Here, a method is described to feed Drosophila melanogaster with drugs and plant extracts and assess their effect on the gastrointestinal tract by analyzing the fruit flies fecal deposits. The drug-treated flies can be used as a model for further research.
To study human gastrointestinal physiology, biomedical scientists have relied on the use of model organisms. Although many researchers have used mice as a model to study intestinal function, only a few reports have focused on Drosophila melanogaster (D. melanogaster). Compared to mice, fruit flies present many advantages, such as a short life cycle, cost-effective and simple maintenance, and no ethical issues. Furthermore, the mammalian gastrointestinal physiology, anatomy, and signaling pathways are highly conserved in D. melanogaster. Plant extracts have been used traditionally to treat diarrhea and constipation. For example, Psidium guajava (P. guajava) is one of the most known antidiarrheal agents in the tropics. However, no studies have evaluated the effect of antidiarrheal and laxative drugs and plant extracts in D. melanogaster, and it remains unknown if similar effects (e.g., smaller, more concentrated, and less abundant fecal deposits in the case of antidiarrheal drugs) can occur in the fruit flies compared to mammals. In this study, an antidiarrheal effect induced by P. guajava is demonstrated in a D. melanogaster strain that presents a diarrheic phenotype. Fecal sampling produced by flies is monitored using a dye-supplemented food. This protocol outlines the method used for preparing food with drugs, evaluating the fecal deposits of flies fed on these food preparations, and interpreting the data obtained.
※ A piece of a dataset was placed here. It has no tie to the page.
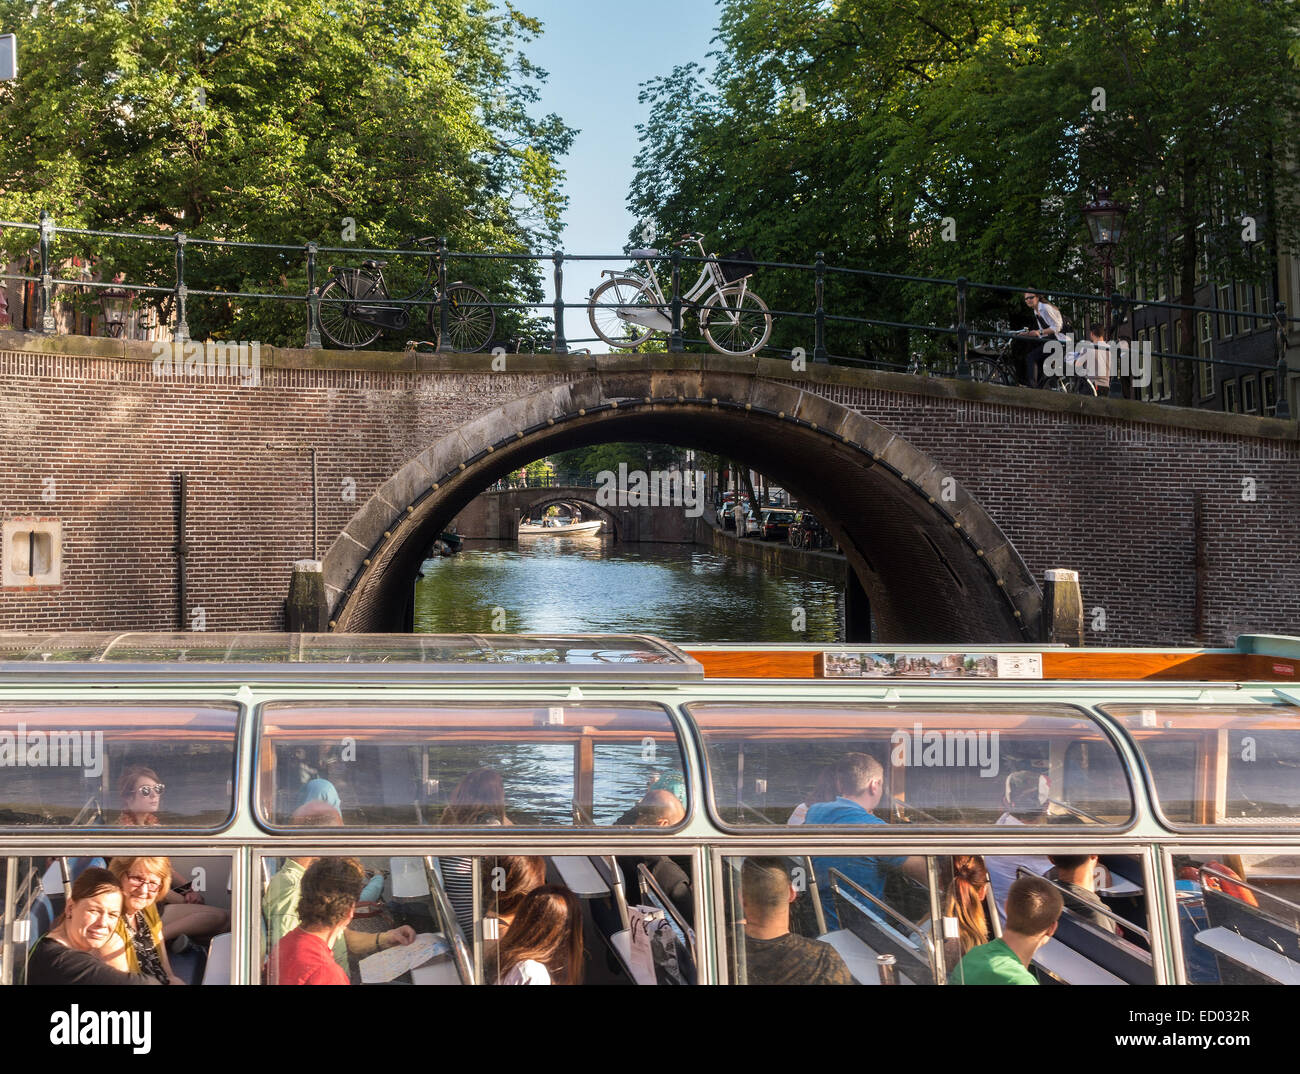 Canaux d'Amsterdam. Les sept ponts du Reguliersgracht vus d'un bateau de croisière sur le canal avec des touristes dans le canal Herengracht Banque D'Images
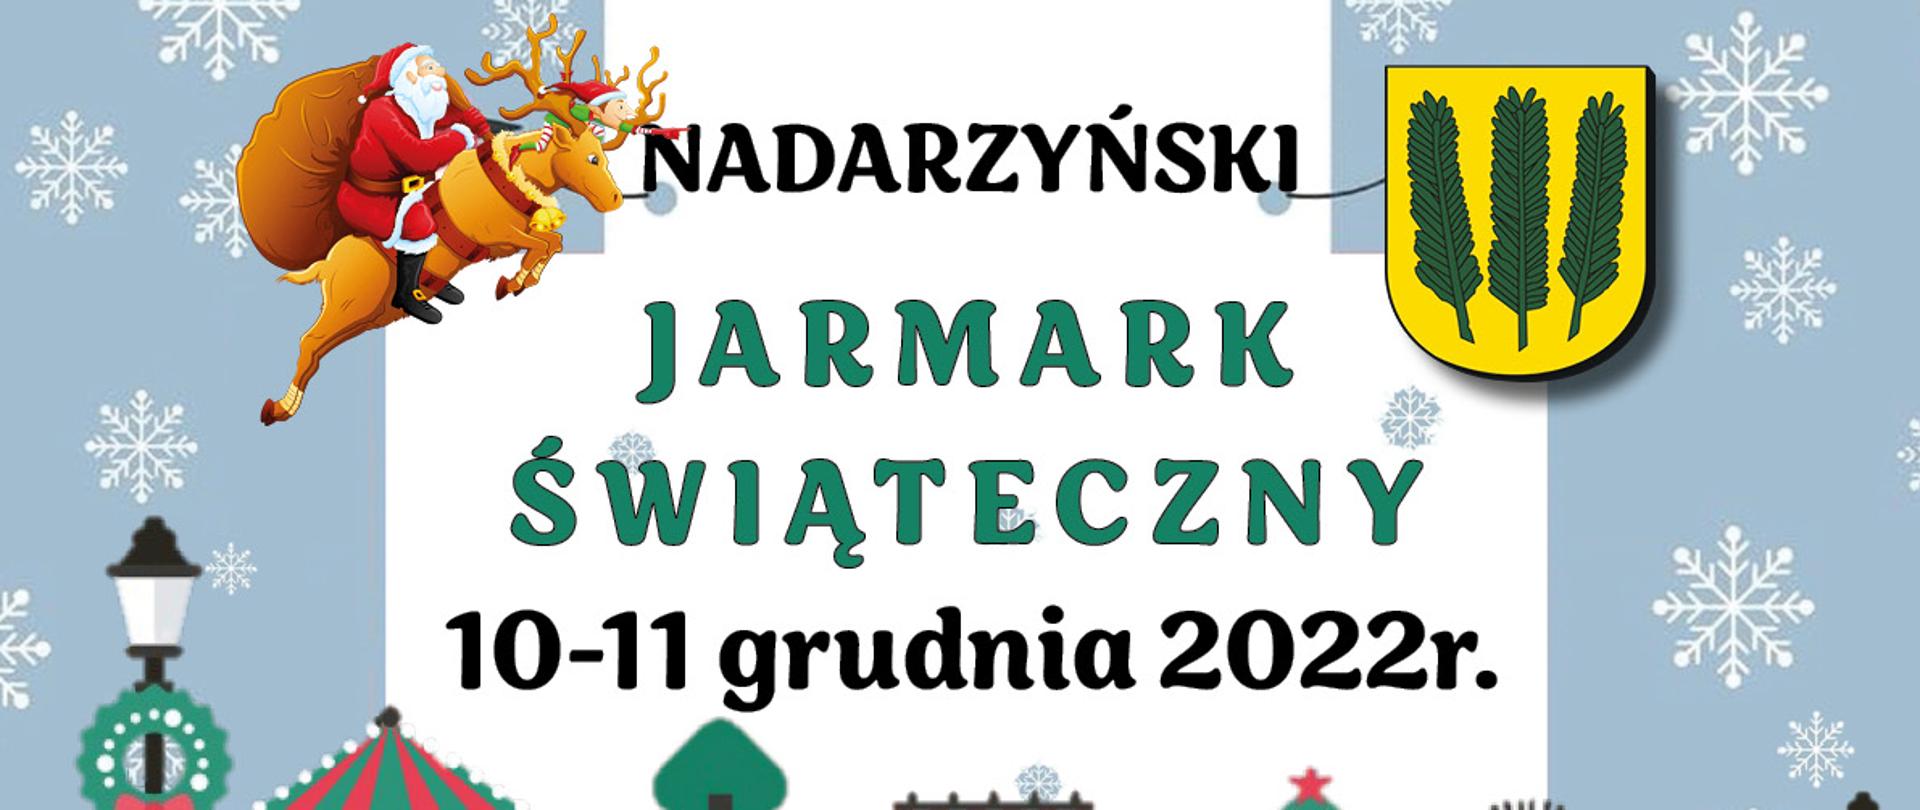 Jarmark Nadarzyn - plakat

The gastrointestinal (GI) tract, also called the digestive tract, is responsible for the digestion and absorption of nutrients and excretion of undigested products1. The GI tract is vulnerable to a range of disorders that can cause discomfort, pain, and disruption to daily life. Gastrointestinal disorders include abdominal pain and discomfort, bloating, heartburn, indigestion or dyspepsia, nausea, vomiting, diarrhea, and constipation2. Diarrhea is the most common symptom of GI disorder3, and it is defined as a disease with at least three loose and watery stool during a 24 h period4. Diarrhea is caused by a wide range of pathogens, including bacteria, viruses, parasites, fungi, and can also be caused by drugs5,6. Worldwide, diarrhea continues to be the second leading cause of mortality among children under 5 years7. Although diarrhea can resolve itself, it can also indicate a more severe underlying condition if it lasts for more than a few days.
To study the intestinal tract, researchers turn to animal models such as mice, rats, and pigs8,9. However, the use of these animals can be expensive and time-consuming because they require specialized facilities and ethical considerations. Recent studies have shown that D. melanogaster can be used as a model to study the GI tract and investigate some mechanisms such as the maintenance of regenerative homeostasis, the development of immune senescence, the loss of epithelial barrier function, and the decline in metabolic homeostasis10,11. D. melanogaster, known as the fruit fly, shares a high degree of genetic homology with humans; approximately 75% of human disease genes are believed to have a functional homolog in fly12. They also have a simple digestive system consisting of a foregut, a midgut, and a hindgut13. D. melanogaster is easy to culture in the laboratory and can be genetically modified in different ways14. Therefore, using D. melanogaster for in vivo testing is a powerful tool that allows researchers to study complex biological processes in a controlled setting.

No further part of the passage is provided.